A full pipe was tamped with his index finger and reddened with a paper spill lit from the glass-bowled oil lamp which stood at his right elbow. My mother often talked of trimming and filling oil-lamps in the house of gentry, yet she hardly ever succeeded in cutting this lamp wick straight across. The result was a diagonal flame.

Then, he took the reins out of the pony’s winkers that hung by the open fire, under the tallague. With the rope he made a head collar, went to the cow house and led out the white head cow. The name was not a misnomer; she was a big red animal, with a white forehead adorned by two sturdy unmatching horns. I was seeing her for the first time; having sprinkled her with Holy Water, from a jam-dish on the windowsill and making the Sign of the Cross on himself, he brought her to the road. The predawn hue was giving way to daylight. It was already bright enough to see the silhouetted paling posts and the stark contour of Black Hill and the stable.

A rat raced across the road. A neighbour cycled past on his way to work. Friendly salutations were exchanged. My mother ushered me back to bed. My first recordable day had begun.

I spent the first 25 years of my life at home on a small farm. I can identify with Patrick Kavanagh’s “burgled bank of youth” (and I am one of the few of my generation who knows how to make a bush-harrow). As a young fellow whenever I was blamed in the wrong, I would compose a derogatory ballad about my accuser. There weren’t many false accusations so I wasn’t very prolific.

I was nicknamed “the Poet” but the term wasn’t always complimentary. I agrees that what is said behind one’s back is their standing in the community and my favourite quotation is a comment made about me by a neighbour: “Wouldn’t you think someone would tell him he’s an eejit, when he doesn’t know himself”.

I have spent most of the last 40 years in Dublin but when asked “Will you ever go back to Kylebeg”? my answer is always Joycean. When James Joyce was asked, in Trieste; “Will you ever return to Dublin?” he said; “I never left”.

I have written articles (mostly humorous) for The Sunday Independent, The Irish Times, The Irish Post, Ireland’s Own, Ireland’s Eye, Kerry’s Eye, The Wicklow People, The Leinster Leader as well as numerous on-line publications. I write a monthly “Irish Eyes” column for the online magazine http://www.pencilstubs.com.
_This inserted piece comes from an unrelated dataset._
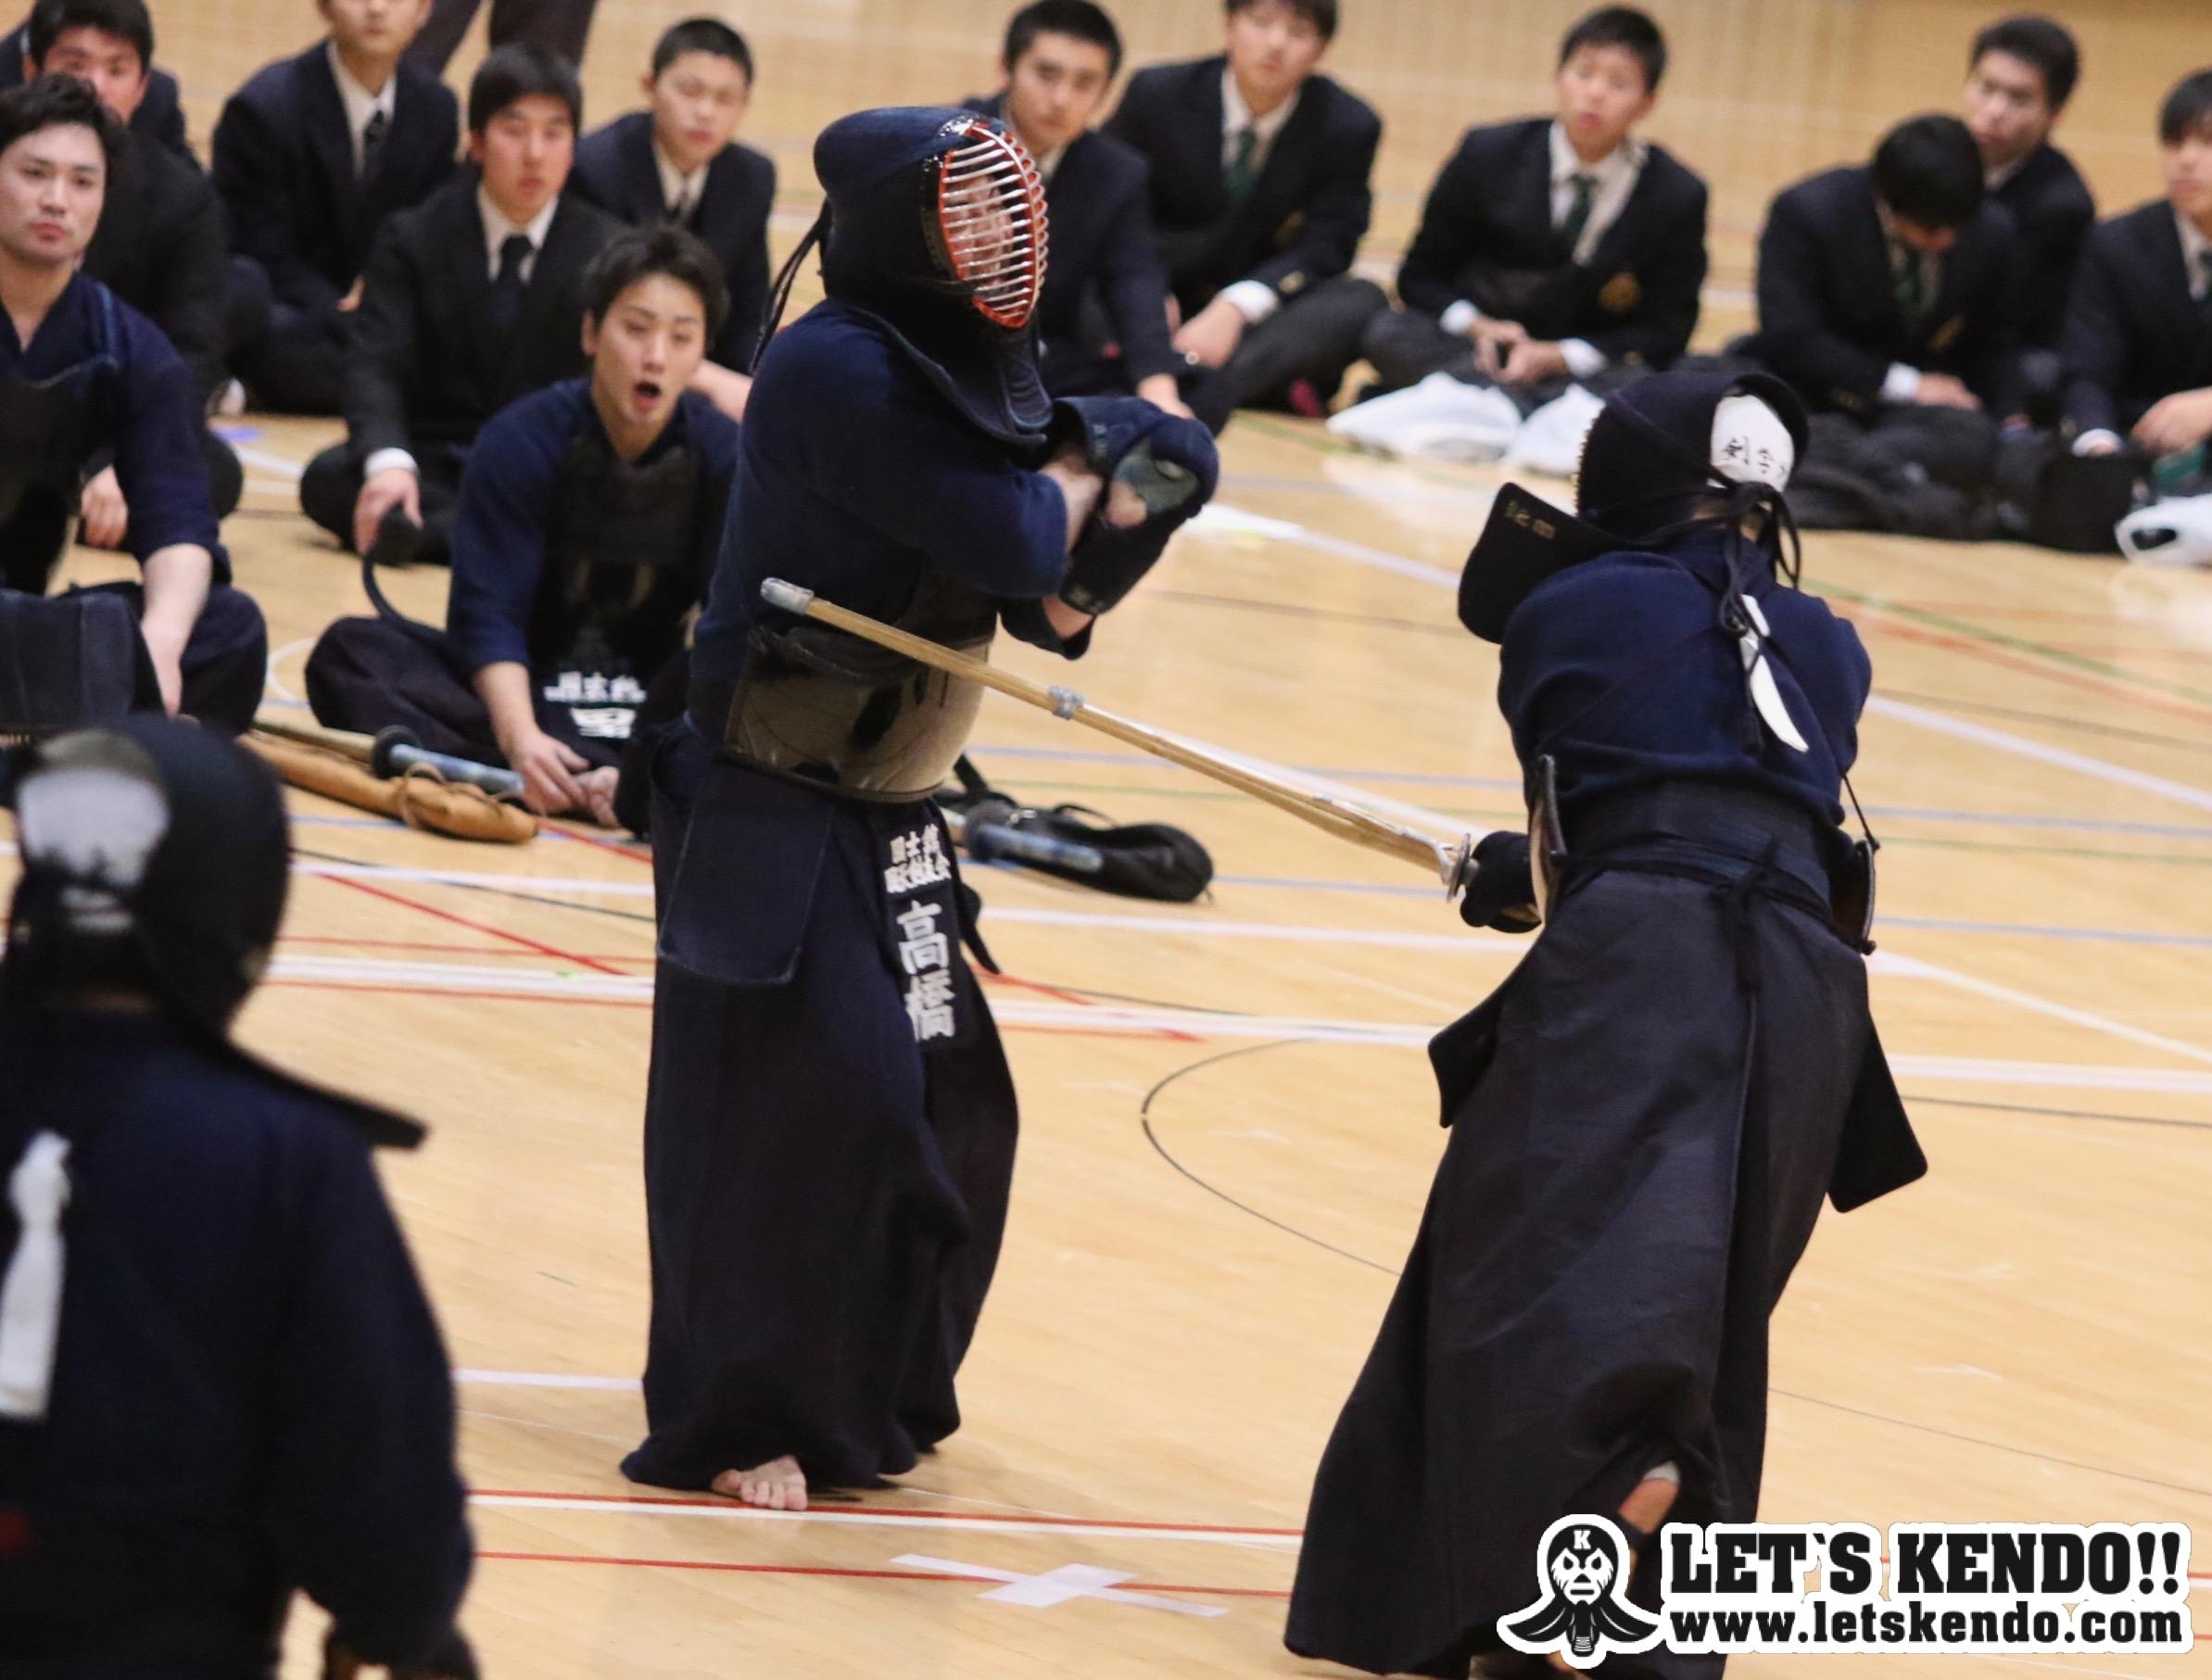 【速報&生配信】12/17 H29第28回学連剣友剣道大会

I have written a couple of plays. My “And All his Songs Were Sad” was staged by the Pantagleize Theatre Company in Texas. I produced a DVD “Sunrise on the icklow Hills” and I am planning to record a CD of “Irish ” stories.

I was once told; “You have the perfect face for radio” and I compiled and presented my own programmes in the “Voiceover” series on RTE Radio One. I have presented ballad programmes on Radio Dublin, KIC FM, Liffey Sound and Radio Dublin.

I co-presented a Saint Patrick’s Day Ceol na nGael programme on WFUV 90.7 in the Bronx and I do pre-recorded programmes for other stations. One such programme is “The Story And The Song” in which I play a number of ballads, having first told the story behind each one.
In January 2011 I retired from Dublin Bus after 37 years. I still write the occasional ballad (not all of them fit for human consumption).